[[ Data section open ]]
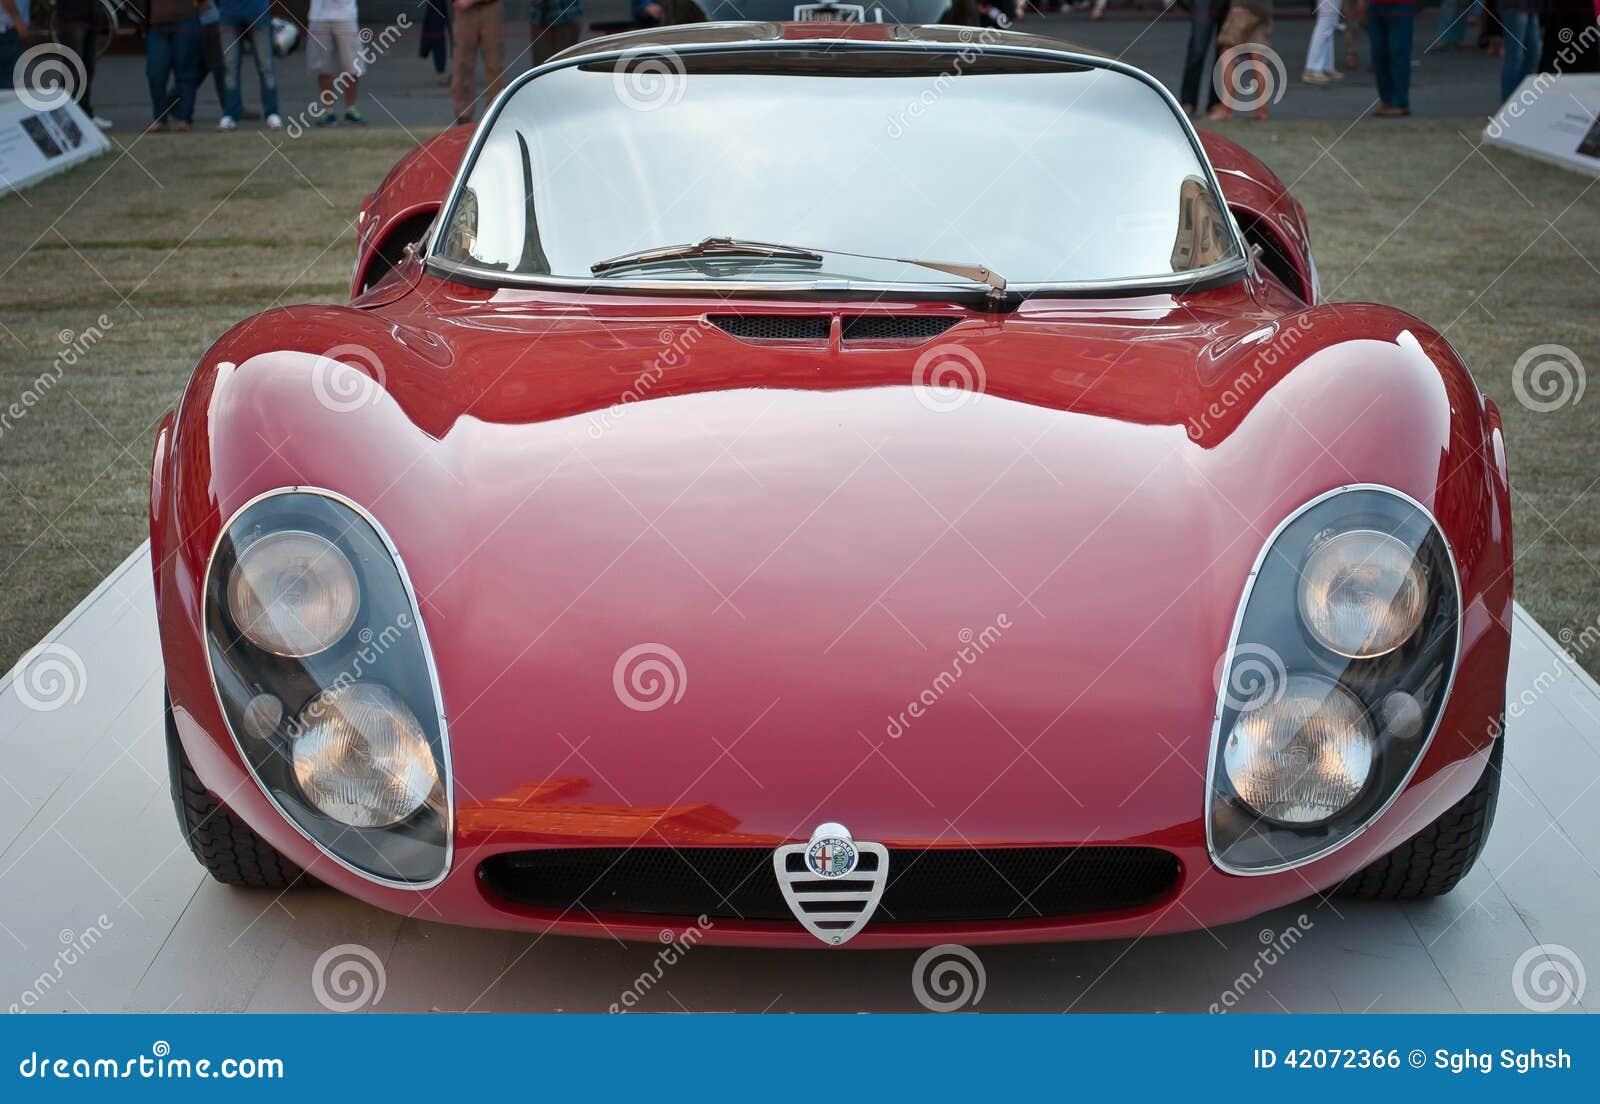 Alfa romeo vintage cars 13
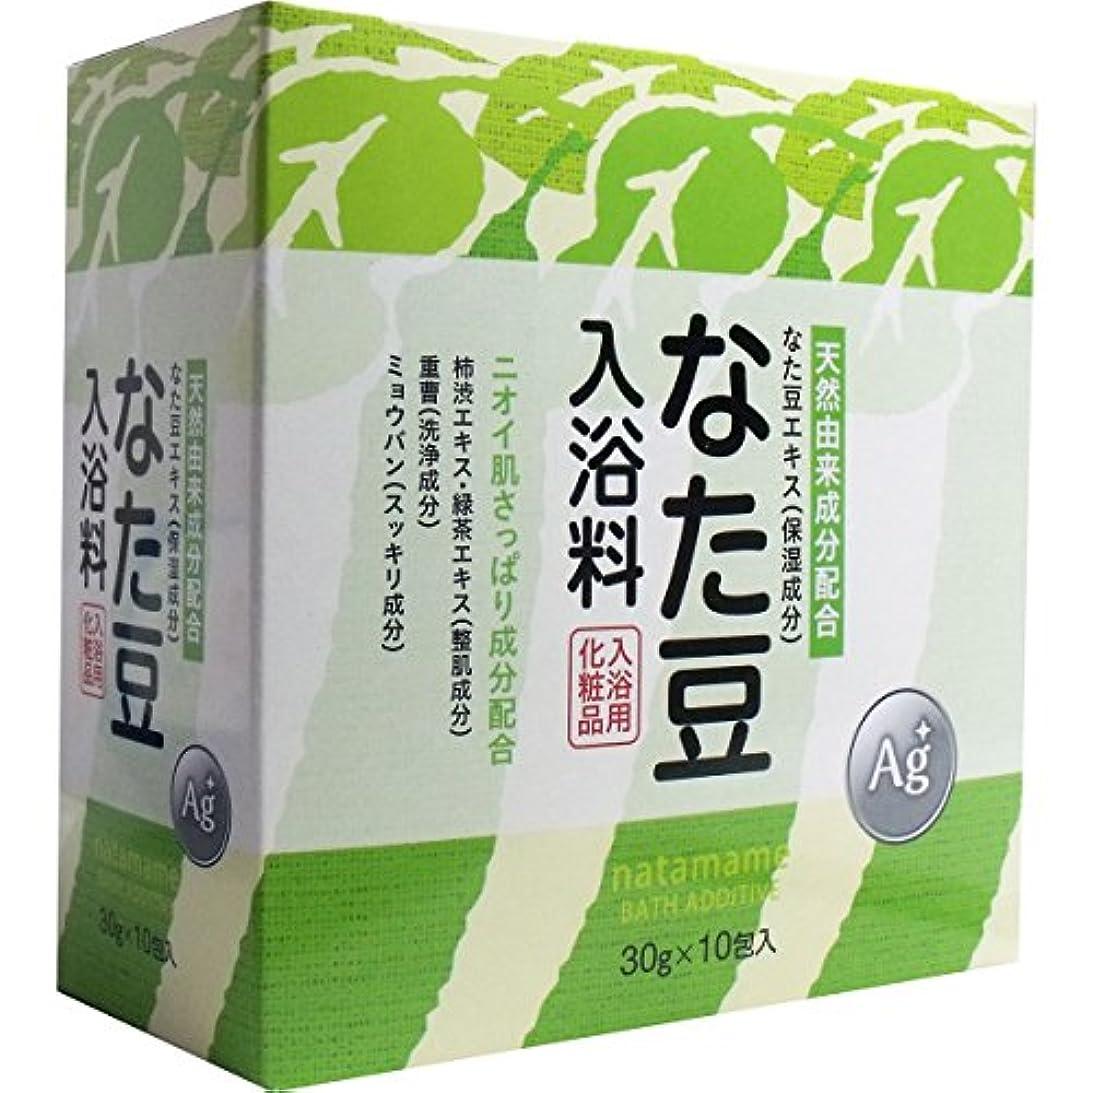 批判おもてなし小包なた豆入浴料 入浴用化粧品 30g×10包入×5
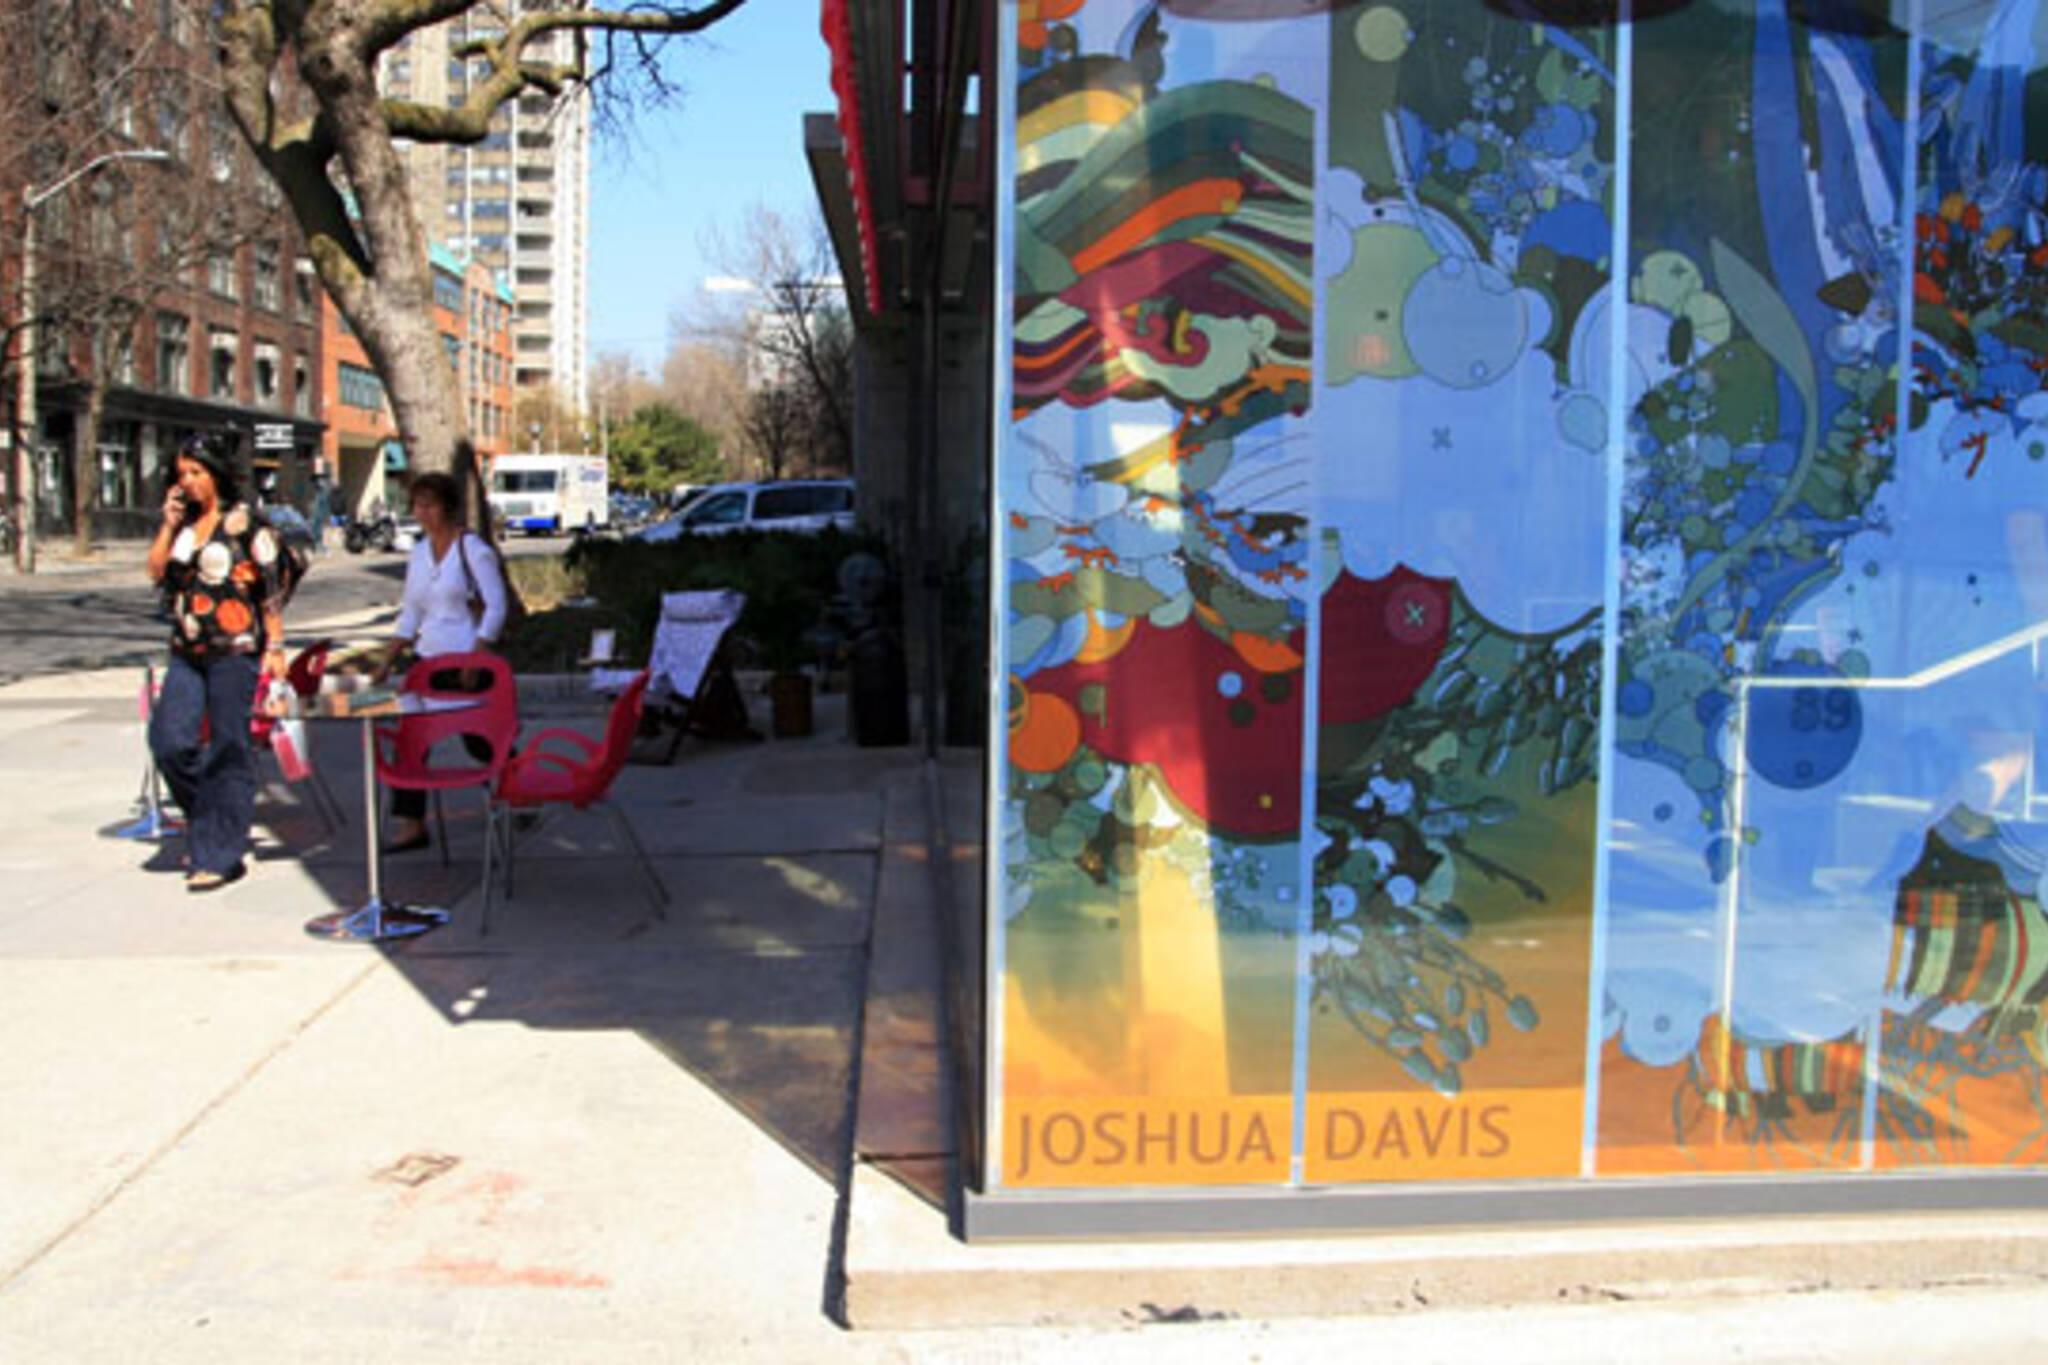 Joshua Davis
[[ Data section closed ]]
Brief: Pictures must be left out. Return verbatim only the lines from the line with "批判おもてなし小包なた豆入浴料 入浴用化粧品 30g×10包入×5" through the final line of the material above, including both ends.

Exercise result:
 批判おもてなし小包なた豆入浴料 入浴用化粧品 30g×10包入×5
 Joshua Davis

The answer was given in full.